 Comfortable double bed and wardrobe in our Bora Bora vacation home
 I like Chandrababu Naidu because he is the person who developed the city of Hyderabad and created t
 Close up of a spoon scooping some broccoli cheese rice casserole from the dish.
· · · · ·
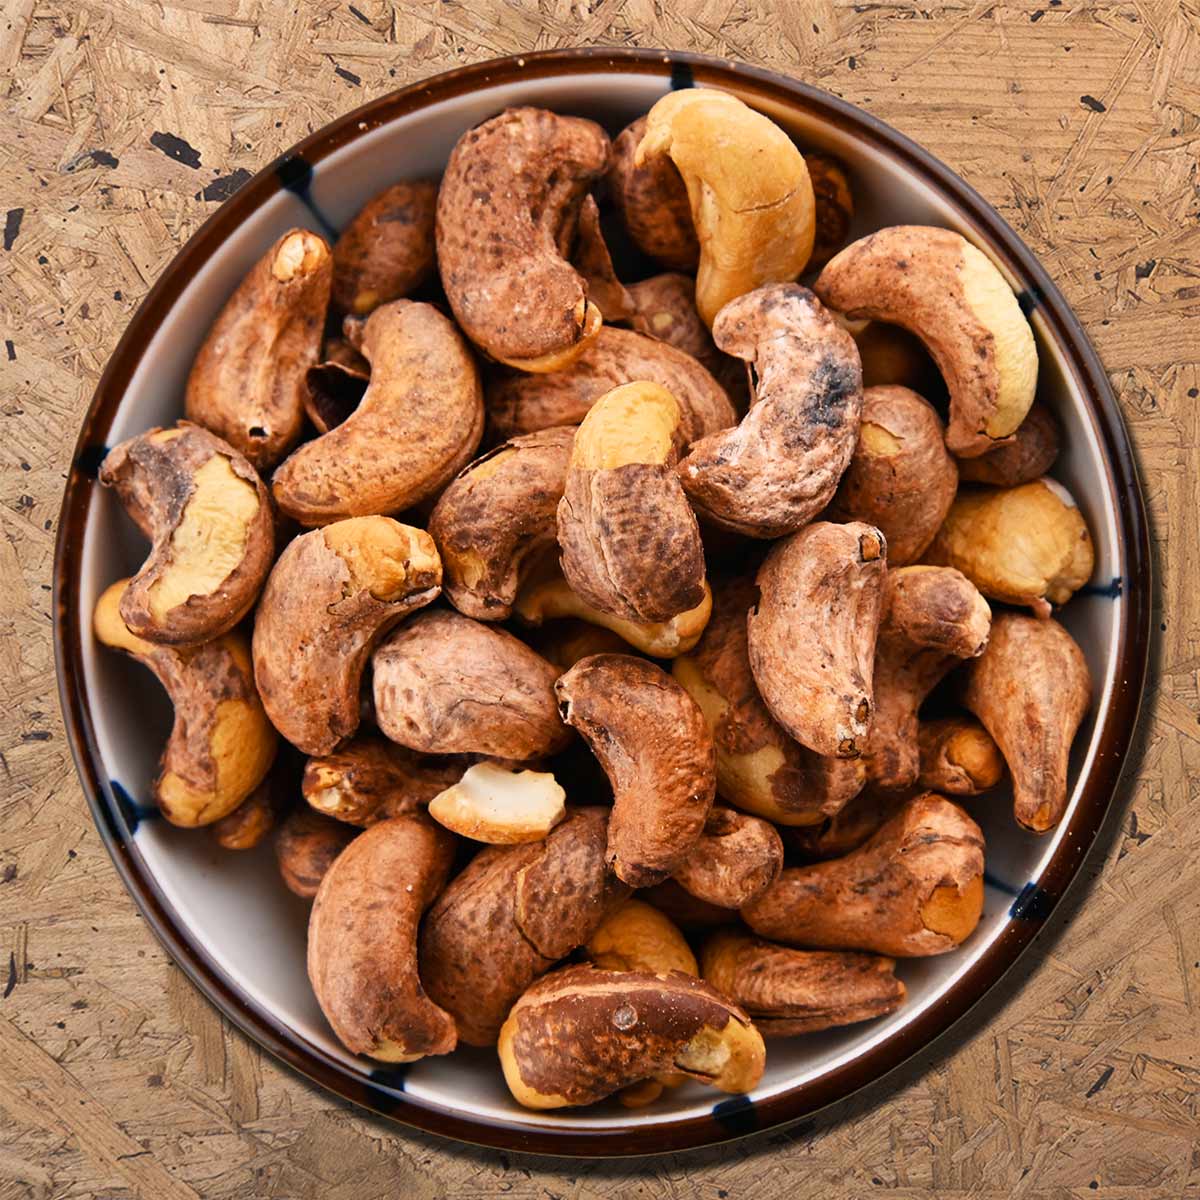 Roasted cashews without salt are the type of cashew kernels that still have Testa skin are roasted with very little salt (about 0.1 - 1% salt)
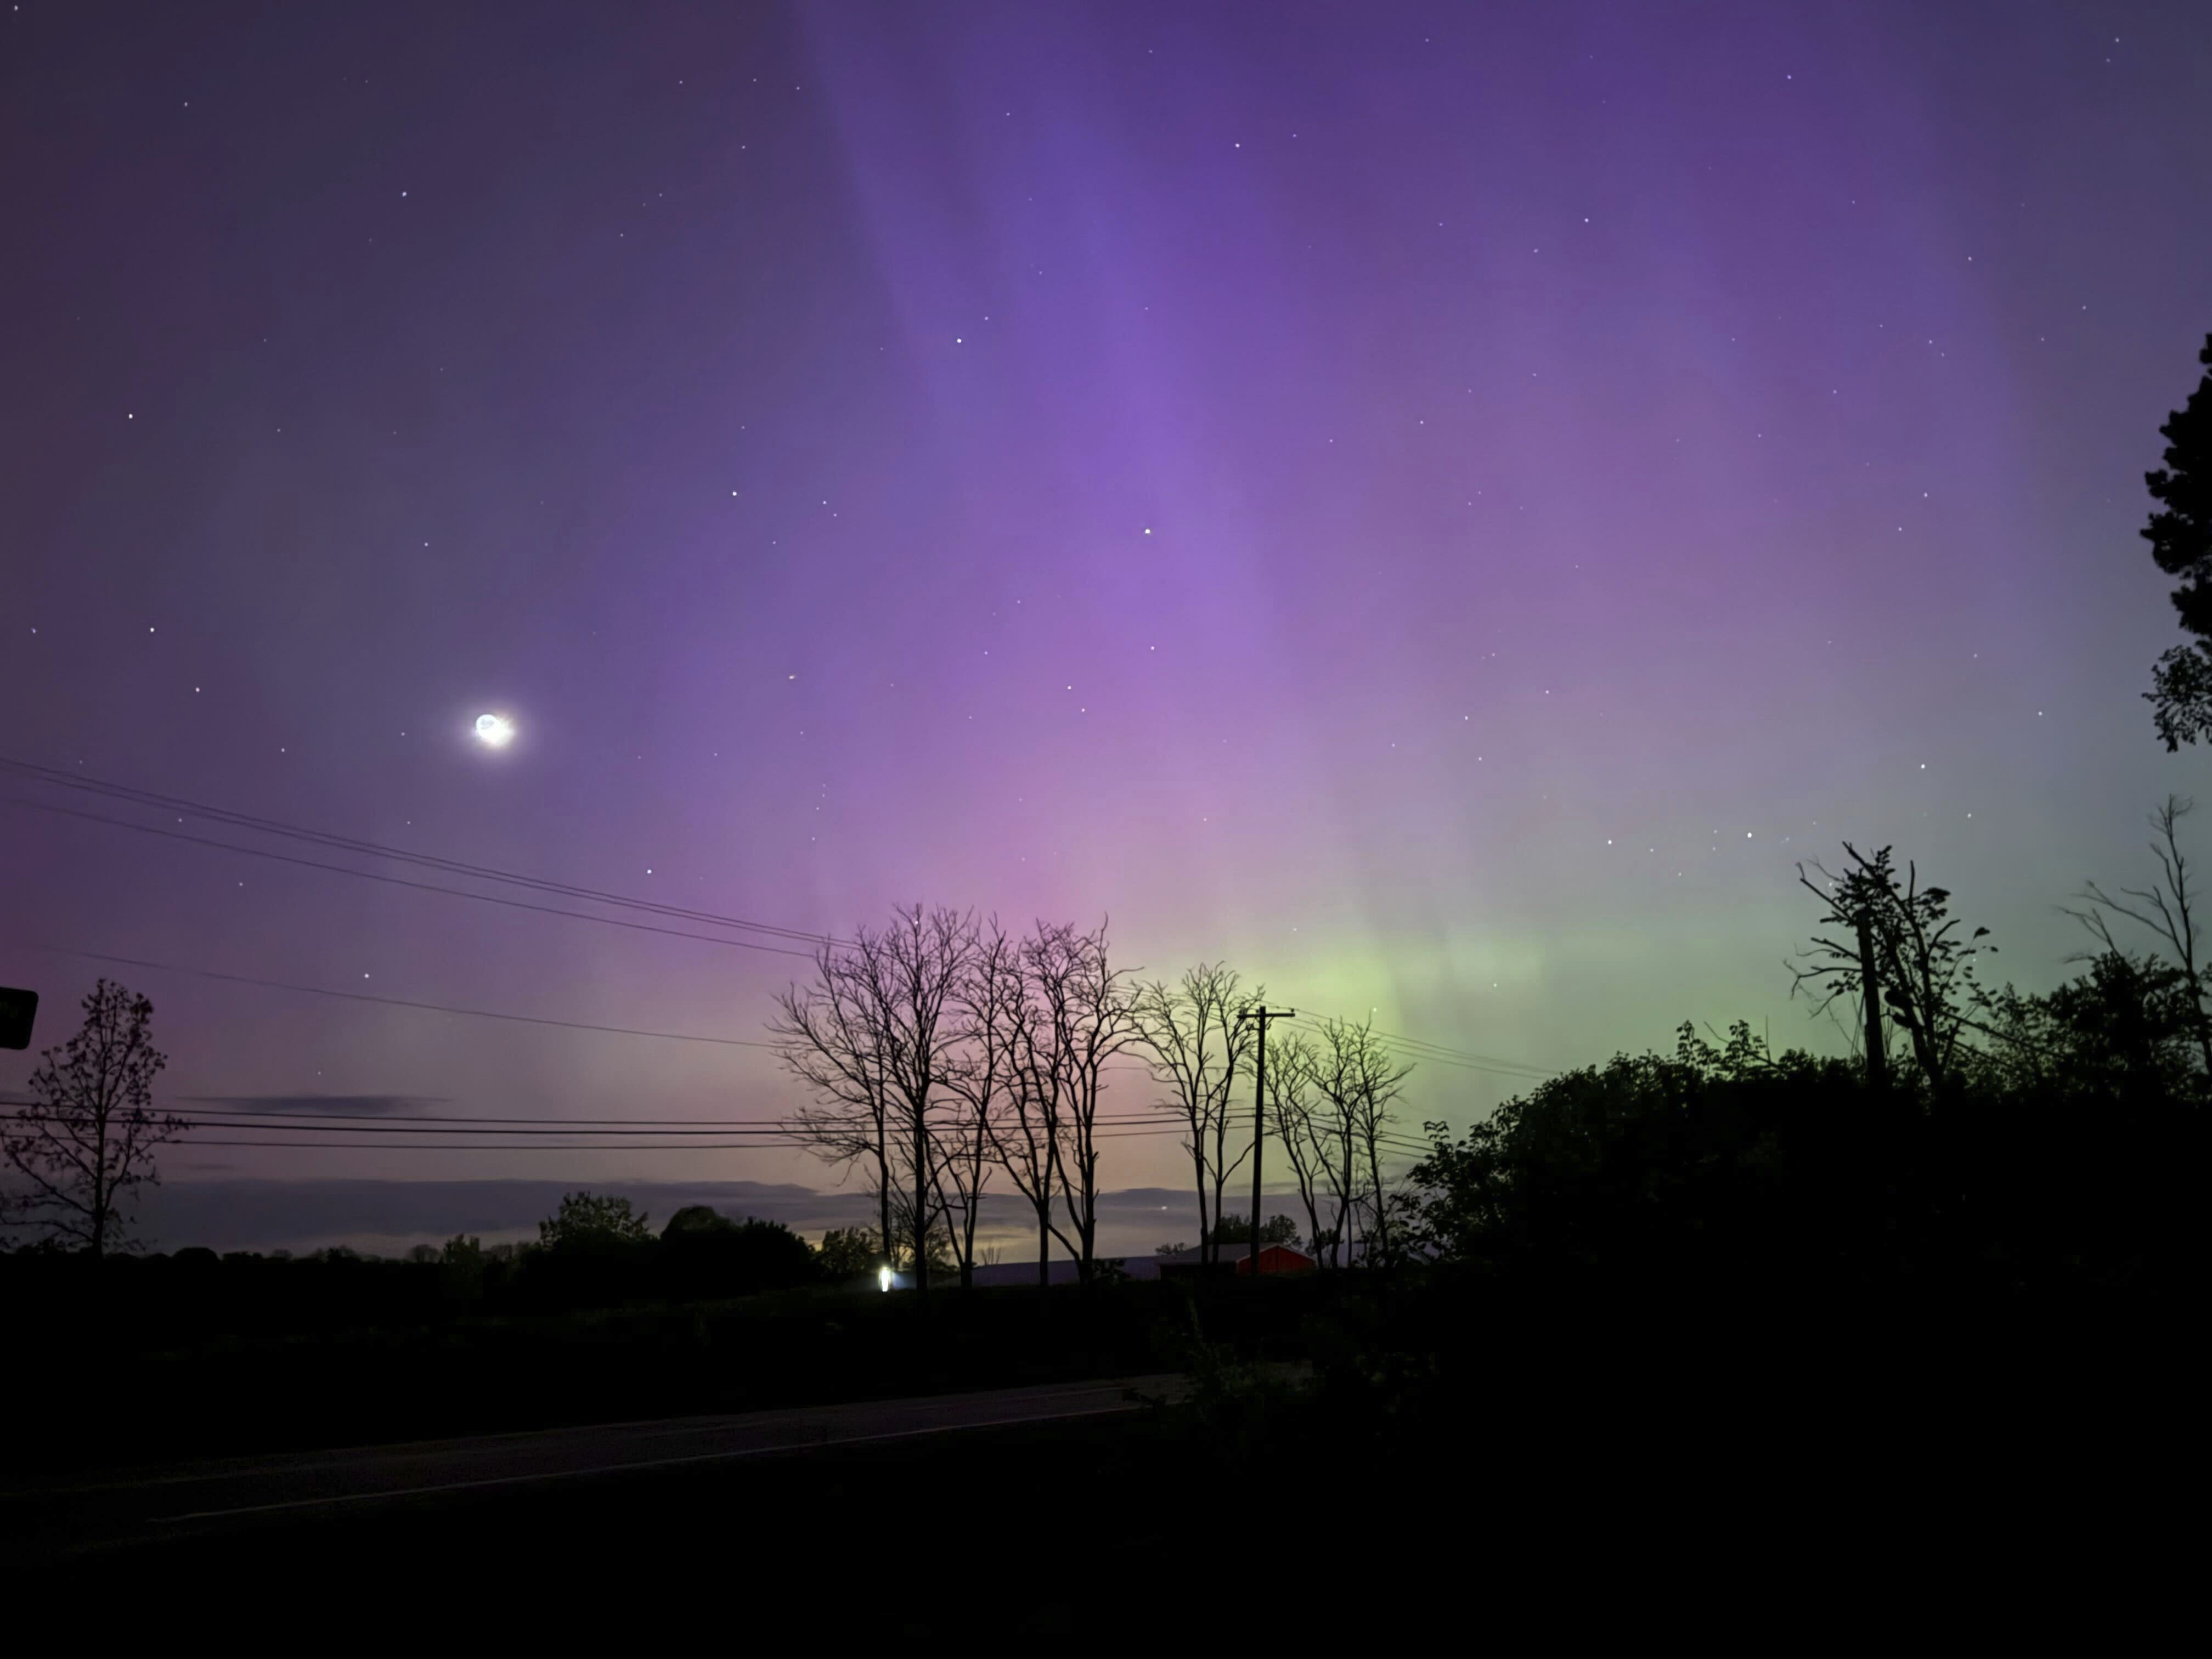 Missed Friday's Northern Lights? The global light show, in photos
· · · · ·
THE TASK:
Everything above from the line containing "Comfortable double bed" down to the line containing "Close up of" is to be transcribed exactly, with both of those lines included and nothing else added.

ANSWER SPACE:
 Comfortable double bed and wardrobe in our Bora Bora vacation home
 I like Chandrababu Naidu because he is the person who developed the city of Hyderabad and created t
 Close up of a spoon scooping some broccoli cheese rice casserole from the dish.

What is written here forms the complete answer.